While the article is slightly ambiguous about whether he only changed the oil every 20 000 km, or just that his receipts only verify every 20 000 km and he had it changed more frequently, something is weird here.
"After getting the recall notice, Lingard submitted his receipts to Hyundai Canada. It rejected the claim, saying his first engine failure was due to "insufficient engine maintenance, not the recall" because Lingard didn't do sufficiently frequent oil changes prior to 100,000 kilometres of driving, and didn't provide receipts for subsequent changes.
The company says he changed his oil every 20,000 kilometres instead of every 12,000 as required by the manual.

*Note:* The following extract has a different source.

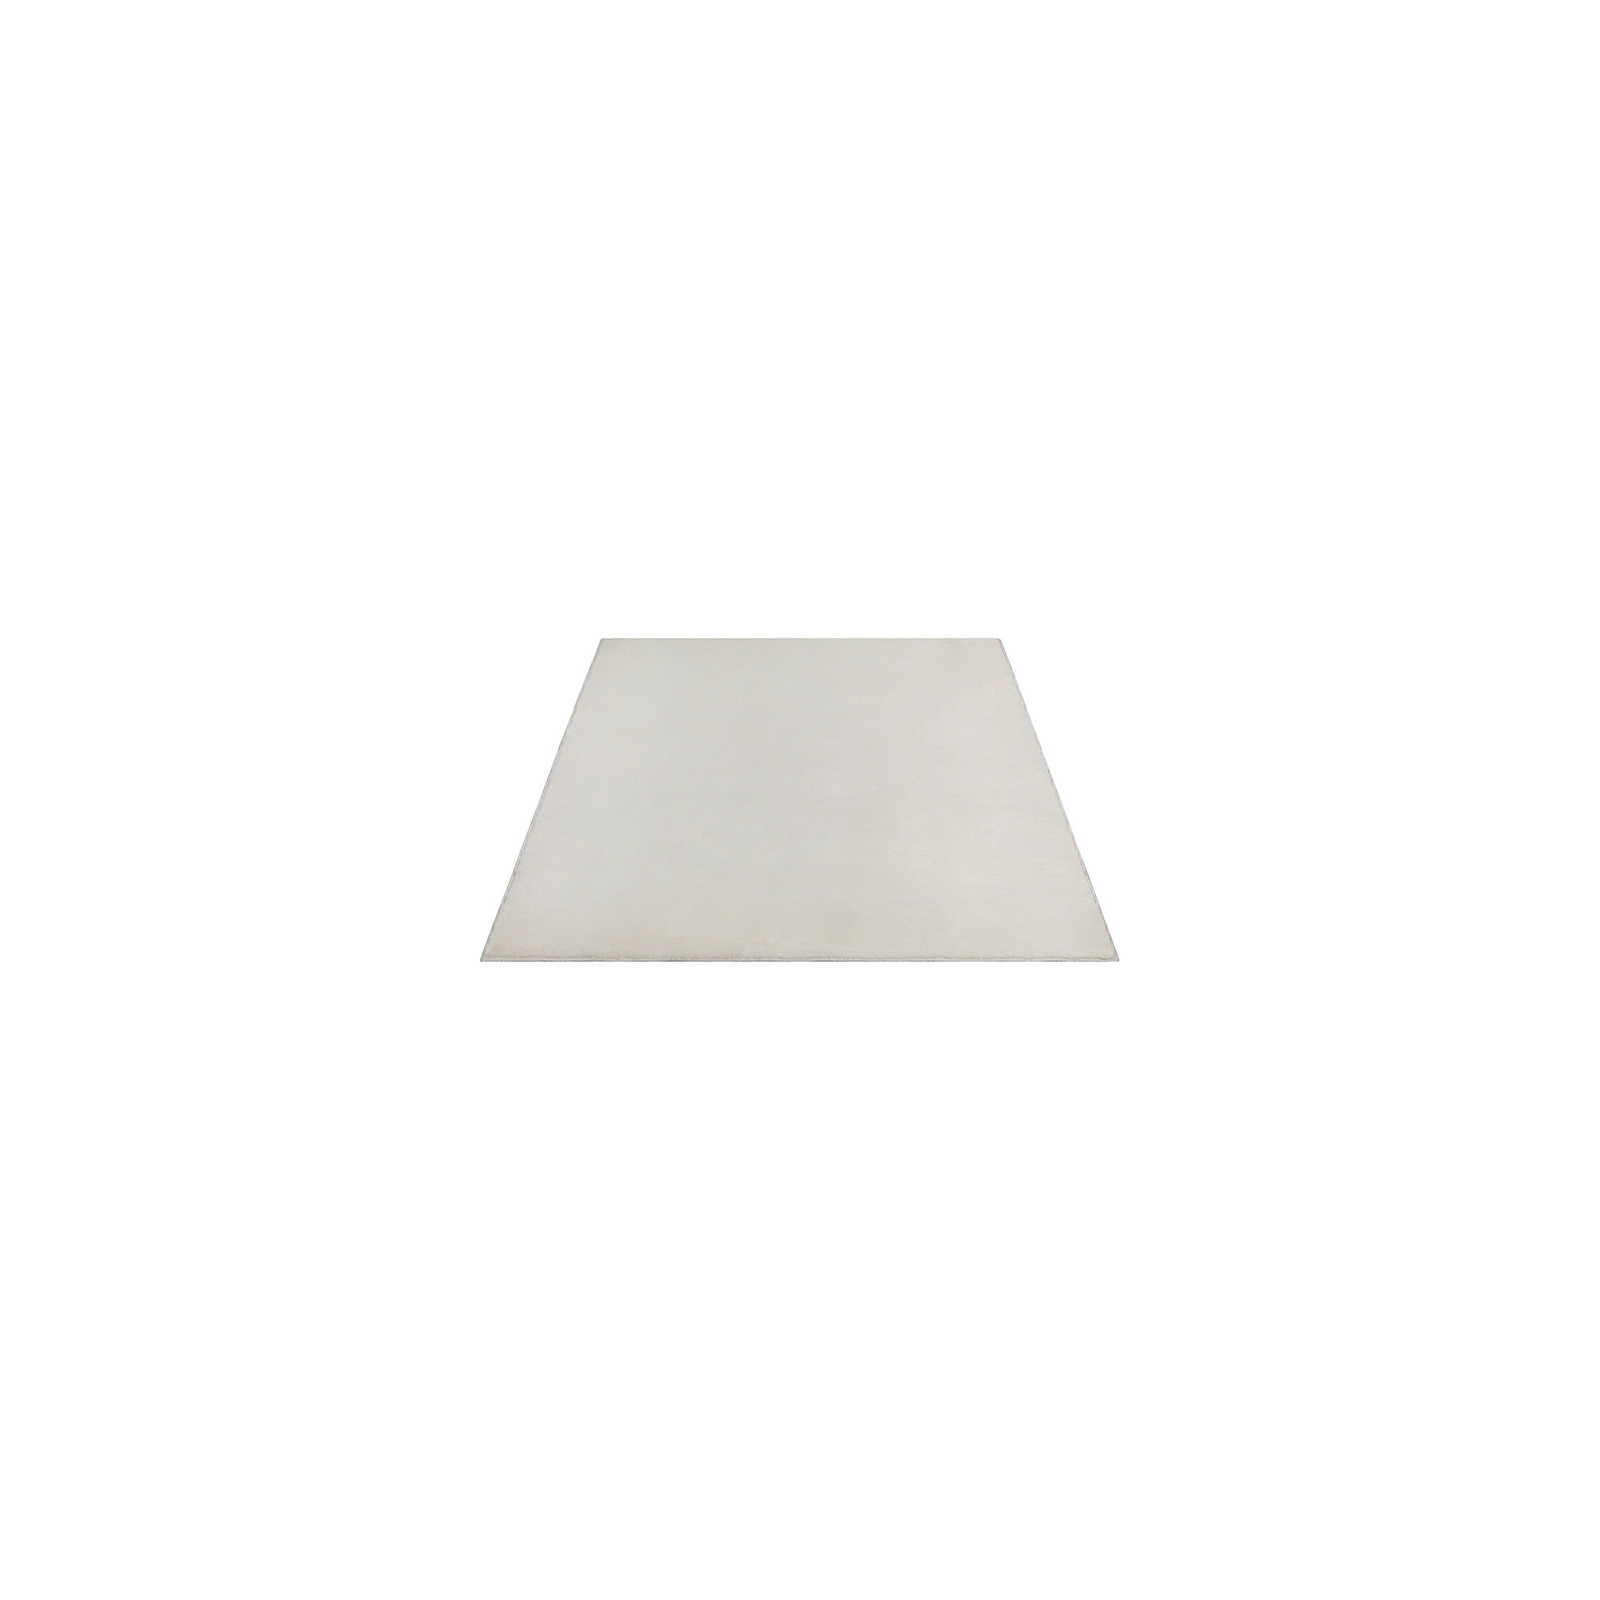 Zachtpolig tapijt in crème - 140 x 70 cm

After the warranty expired, Lingard says he stopped going to the dealership for oil changes. "
The implication, if I'm reading it correctly, is that during the warranty he took it to the dealer for oil changes every 20 000 km. Then he stopped taking it to the dealer, presumably (though unverified) took it elsewhere, and couldn't produce receipts. The fact that at no point does he claim otherwise makes me think this is true.
Assuming my interpretation of the article is accurate, denying coverage makes sense. He didn't stick to the manufacturer OCI in the time he had it serviced at the dealer, then had unverifiable service history after that. I wouldn't expect him to be able to produce every receipt, but it seems like the record at the dealer indicates he was already not having the oil changed soon enough.
The article is ambiguous enough that it's hard to understand the whole situation here.